++++ Data segment ++++

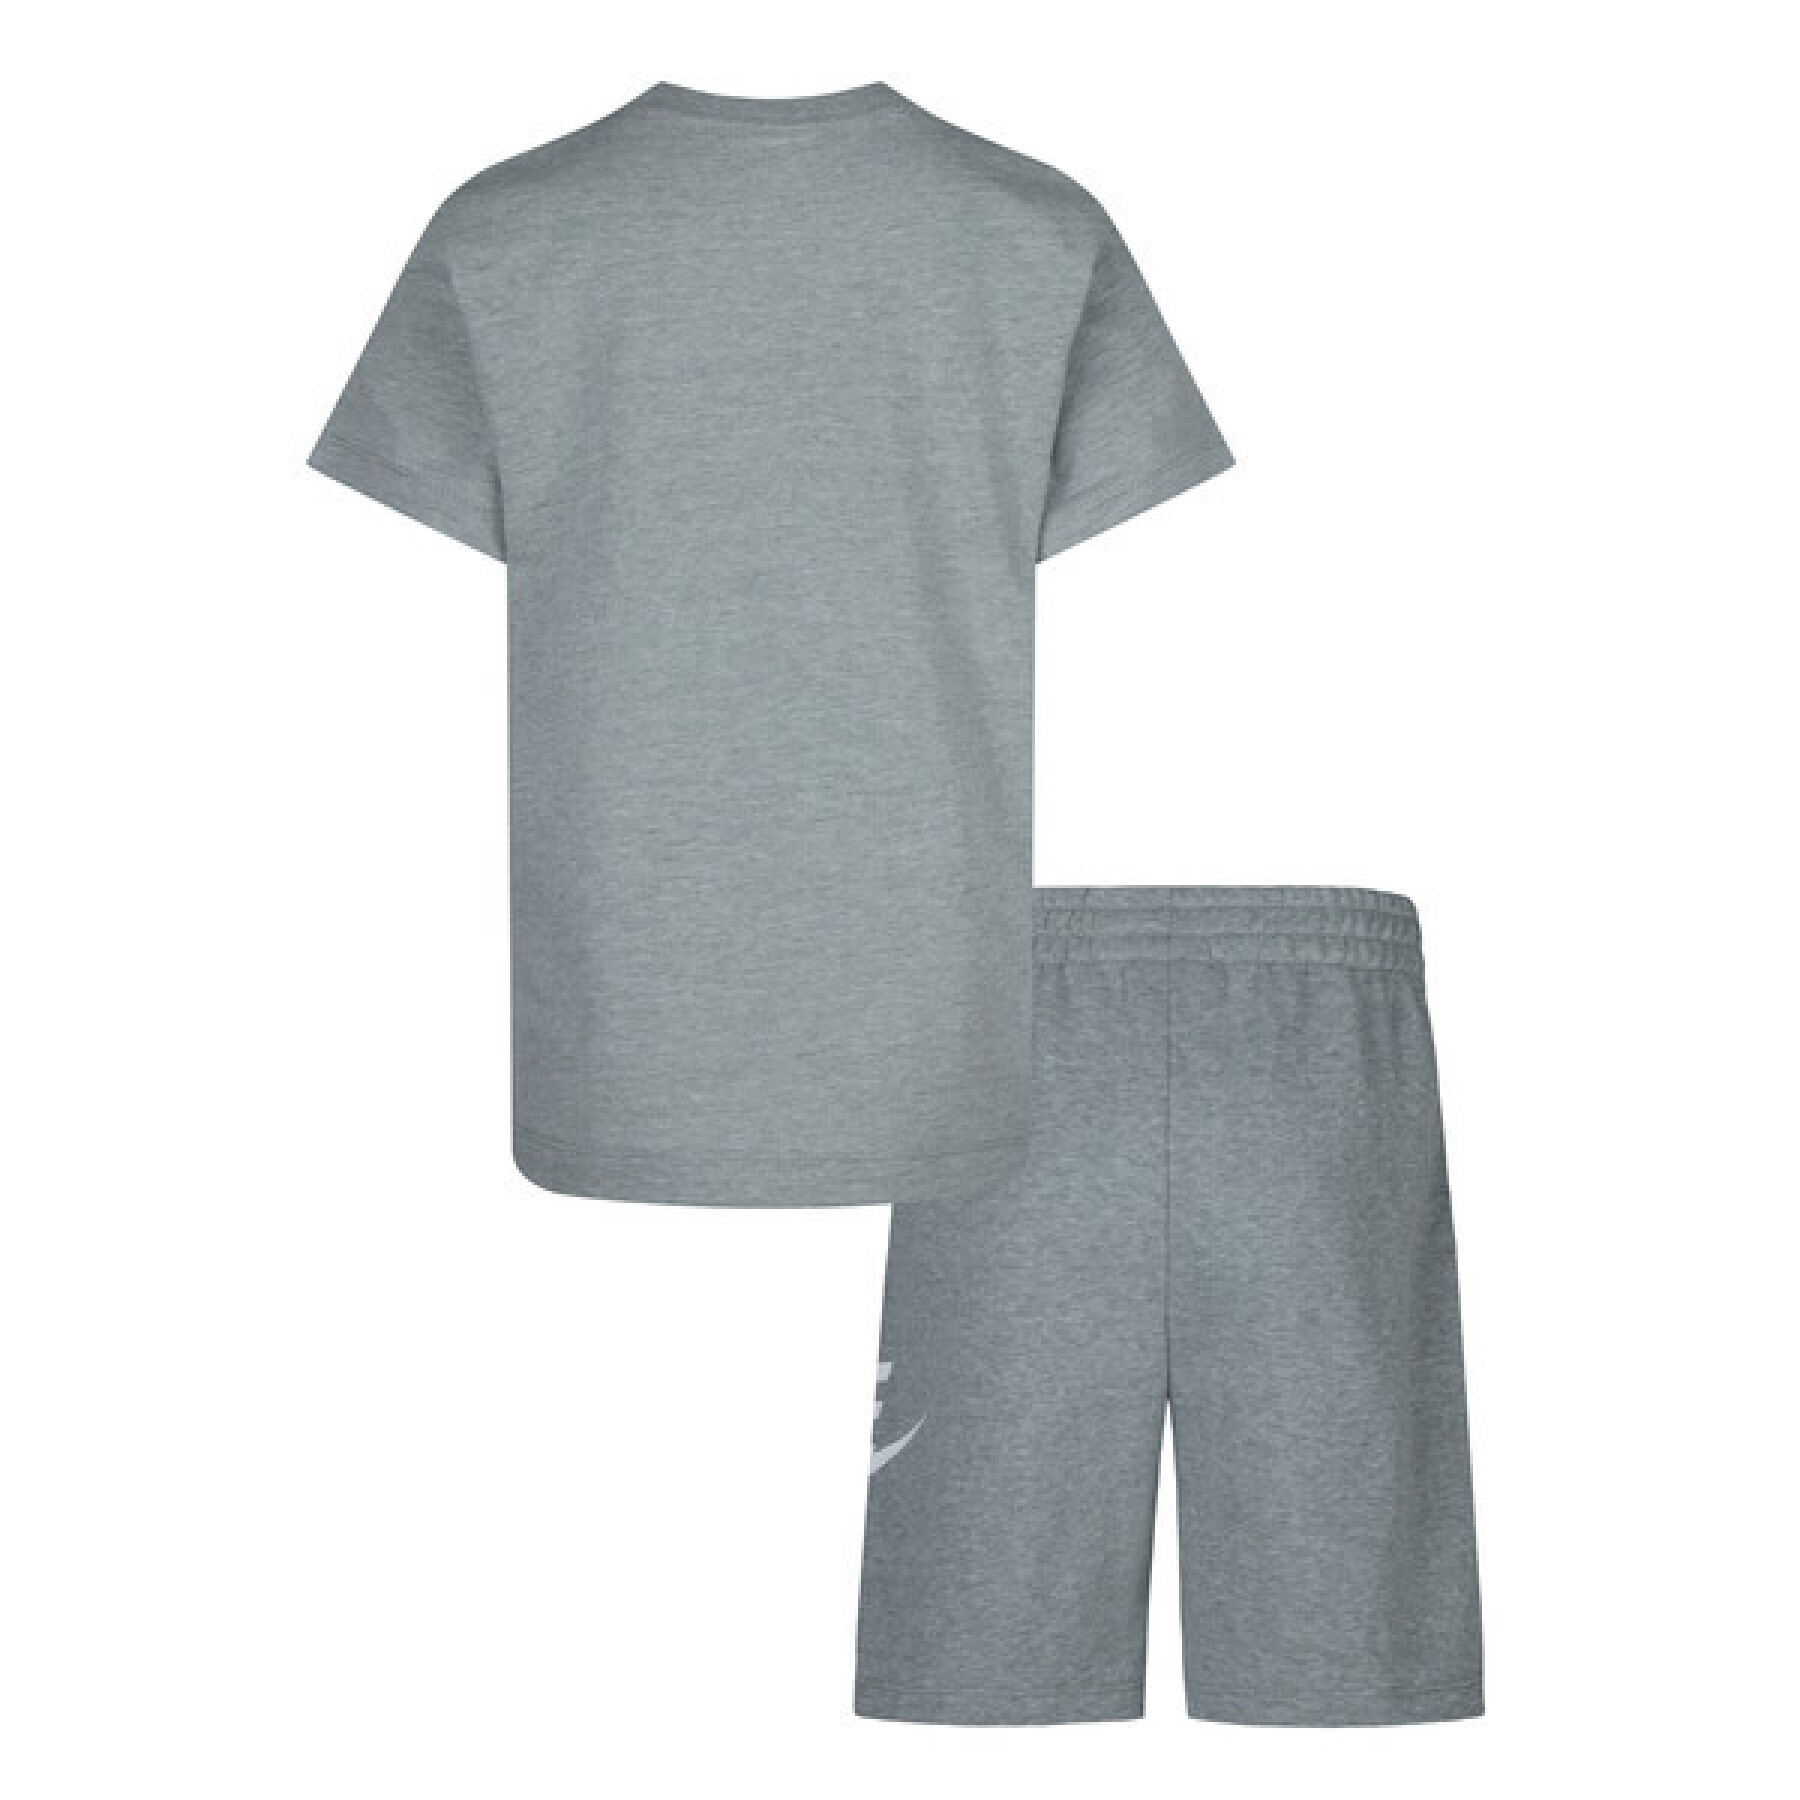 Conjunto de camiseta y pantalón corto para bebé Nike Club
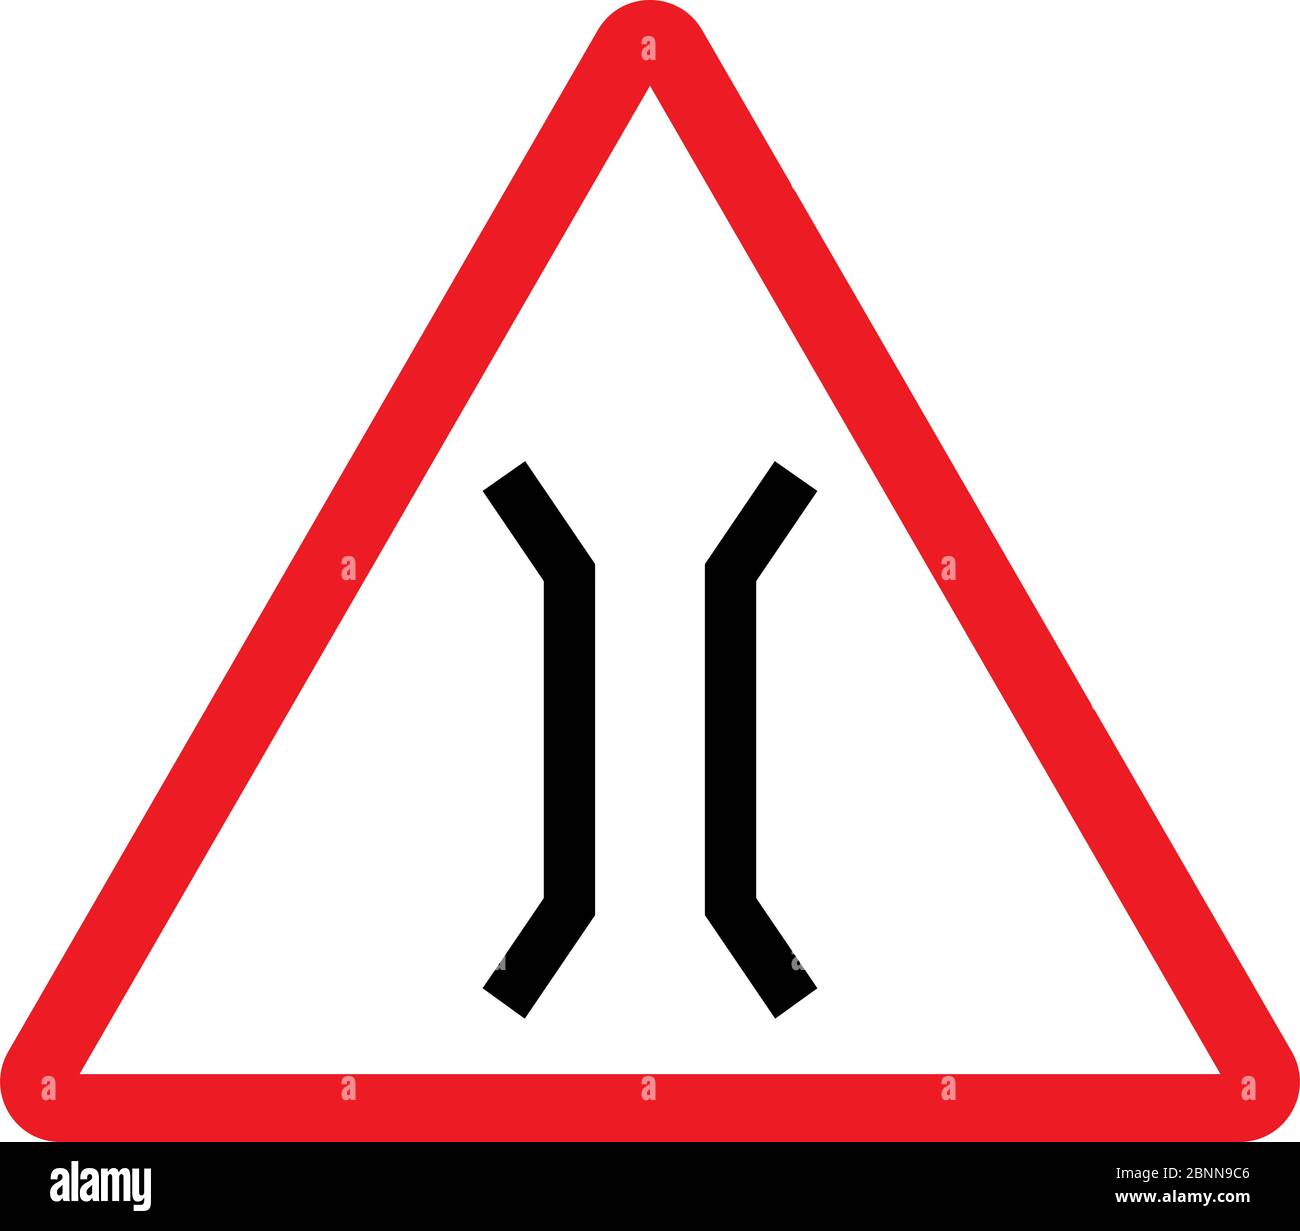 Vector de señal de tráfico de puente estrecho. Fondo de triángulo rojo. Ilustración del Vector
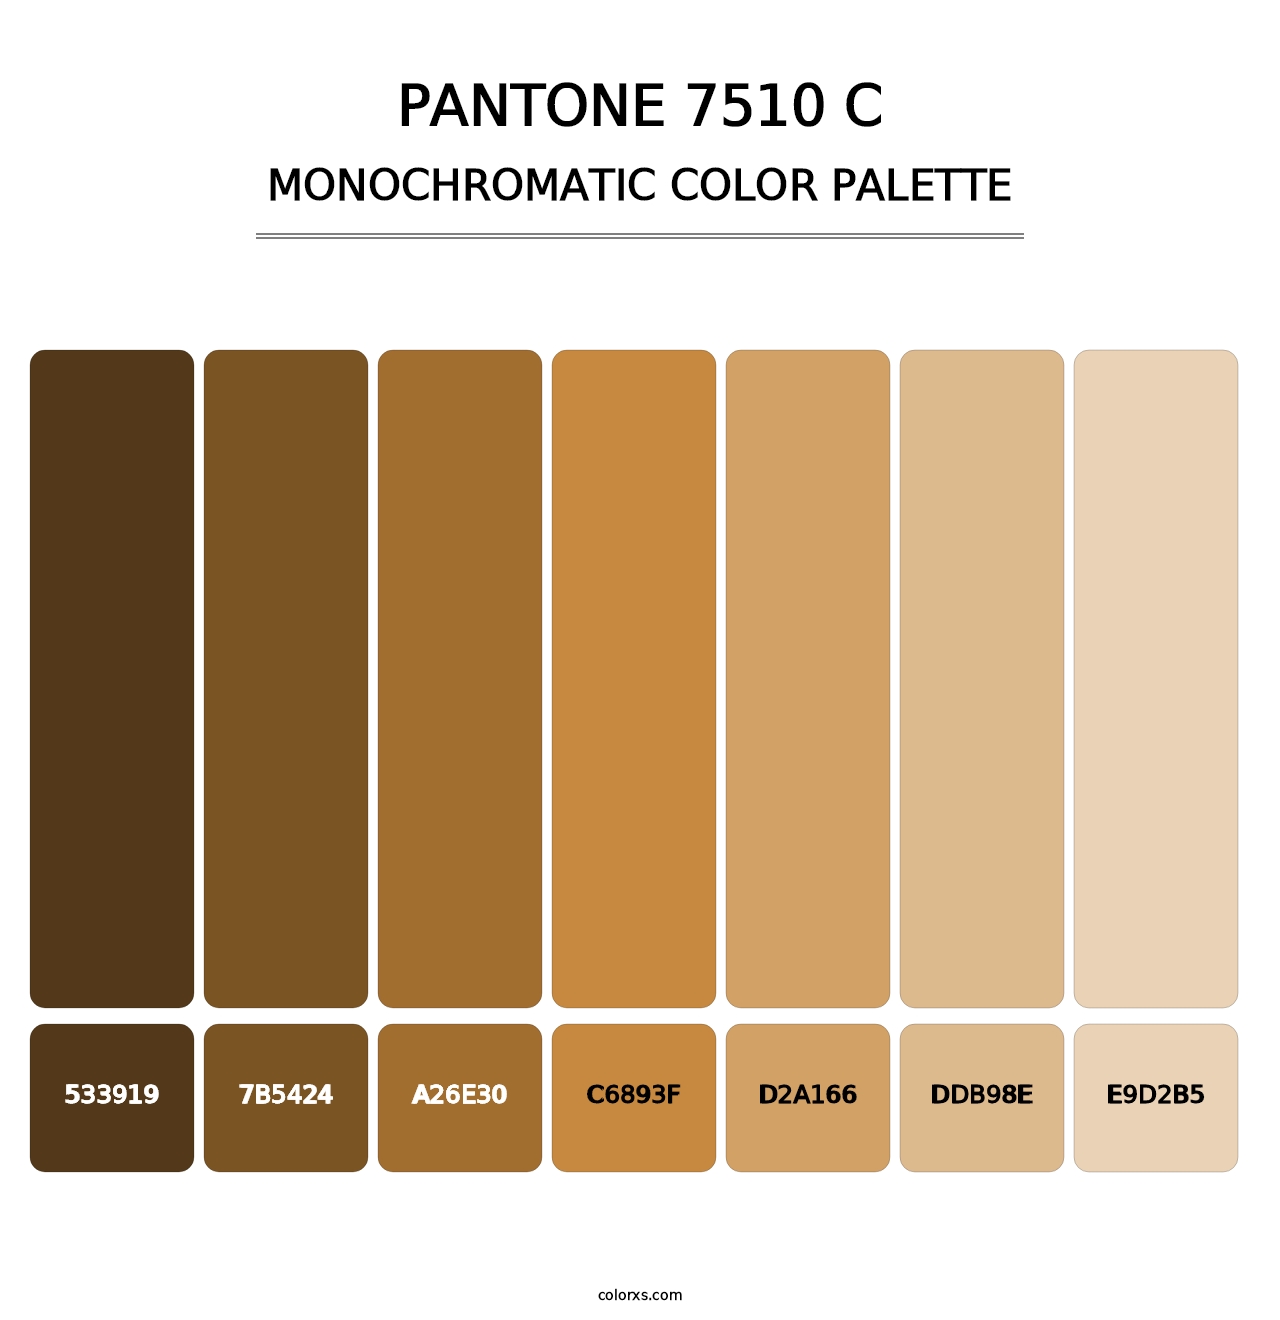 PANTONE 7510 C - Monochromatic Color Palette

++++

=== What you will do ===
Leave out the pictures and print every line of the data exactly.

=== Solved exercise ===
 Conjunto de camiseta y pantalón corto para bebé Nike Club
 Vector de señal de tráfico de puente estrecho. Fondo de triángulo rojo. Ilustración del Vector
 PANTONE 7510 C - Monochromatic Color Palette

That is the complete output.